GETTING THE CELLAR READY FOR OUR DEPARTURE

The For Sale sign is up in front of the house. Dozens of folks are streaming through our completely staged home – meaning that it looks pretty much like we don’t live here. Every morning, we hide all of the evidence of our occupancy and we depart whenever the realtor notifies us that a showing is happening. Fortunately, that has been happening very regularly of late.

We will be heading to Europe for a while, no fixed address, probably for most of 2015 and maybe beyond. I am looking forward to sampling more of the wines of Spain, France, Germany, and Austria (at a minimum), but what to do about our wines in our home cellar?

Now, when I say “cellar,” I should note that we live in a suburban tract house. No basement. Our “cellar” consists of a number of stashes around the house, where lighting is minimal and temperature is fairly steady. The really good stuff is in a wine refrigerator in the garage, but there are bottles on a rack in our utility closet, another rack in a hallway, another on the cabinet in our dining room (French only!), and more on a small rack built into our kitchen breakfast nook.

When the move was being planned, we had about 350 bottles in total. We rented a locker at CELLAR MASTERS in Newbury Park, CA, where we put a dozen cases right away and where the remainder will go when we leave.
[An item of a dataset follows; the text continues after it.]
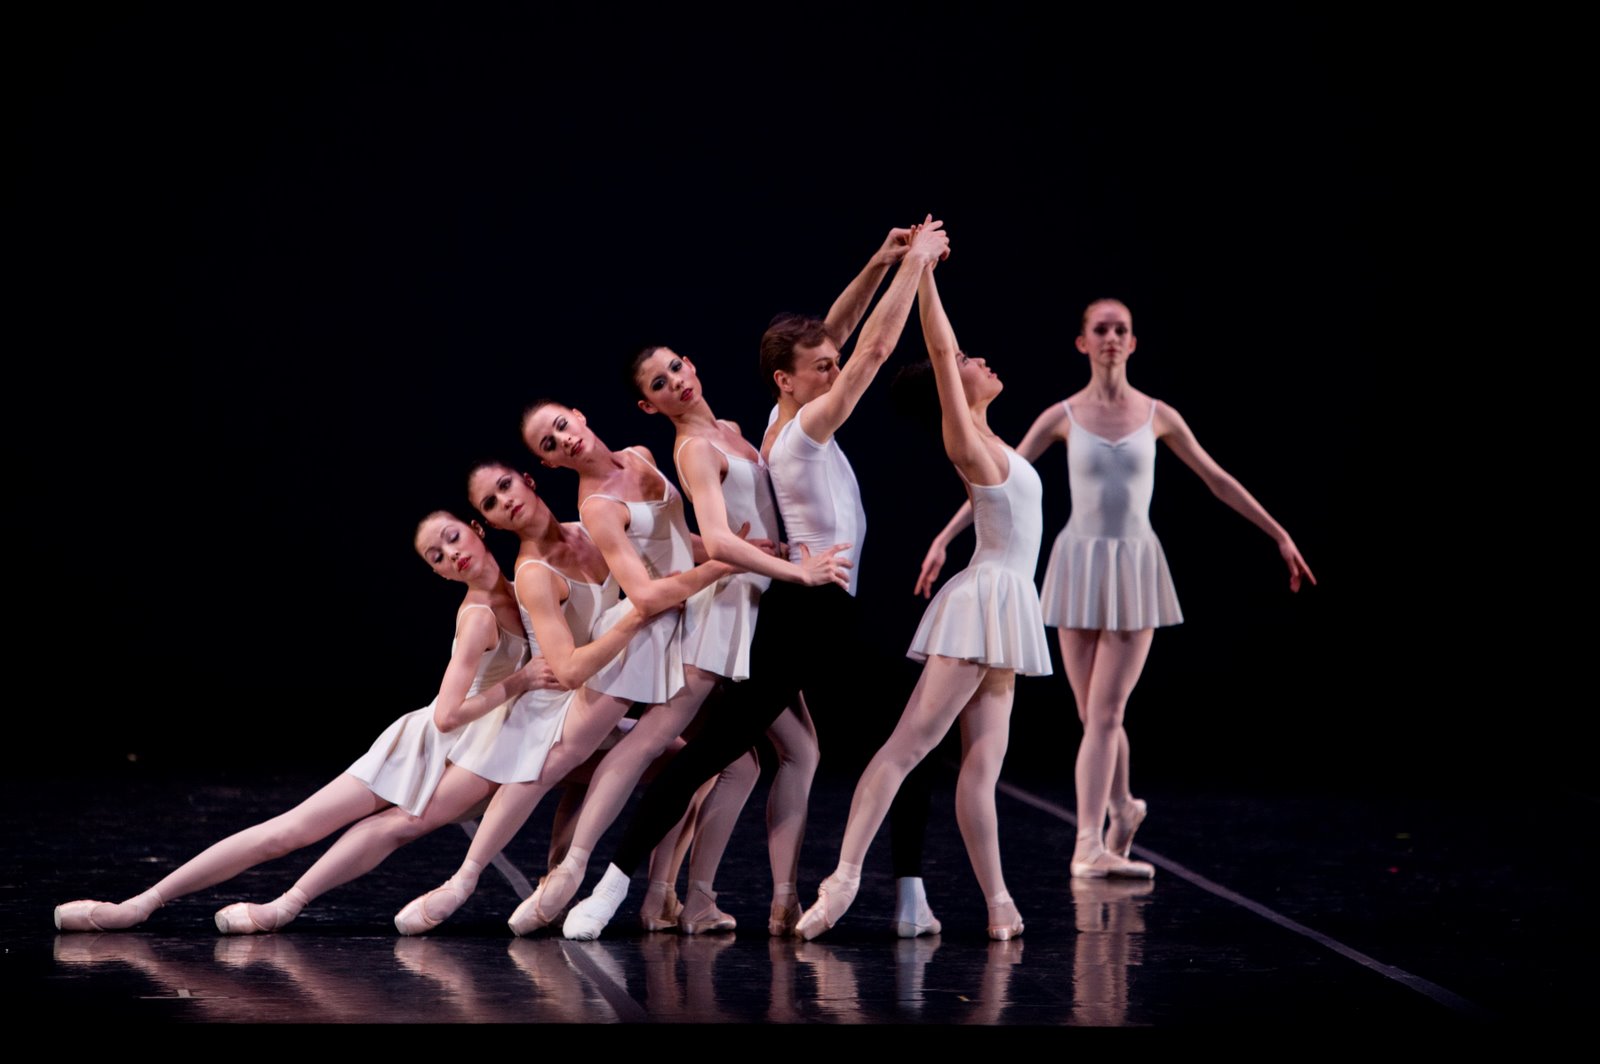 [Boston+Ballet+in+Concerto+Barocco+-+Copyright+New+York+City+Ballet+by+Rosalie+O'Connor.JPG]

The focus now is on drinking wines that will not age well, or that are at or near their peak now. We are also supplementing with some purchases of whites, which we do not tend to keep over time for the most part. Our wines are mostly from California, with the Central Coast and Napa and Sonoma well-represented; plus a couple of cases of French wines, and a few Australians and one or two from British Columbia’s Okanagan Region.

So, our case of ARTISTE wines, our CLENDENDEN FAMILY WINES and the AU BON CLIMAT are being consumed, as are our STOLPMAN and some CABERNETS. Our French wines, mostly Bordeaux, will age well, as will the Burgundies. We will keep some of the newer CLOS PEPE Pinots, which should last a few years, and we will have a lot of assorted CABERNETS and MERLOTS from California to keep.

I expect that we will be down to about 200 bottles when we depart sometime in mid to late February. At some point, we will likely have the wines shipped from the storage facility to wherever we land, or sell it off. It is both fun and a bit sad to be consuming some of the bottles that we obtained from the wineries or through friends. But, there are worse things that one has to do, right?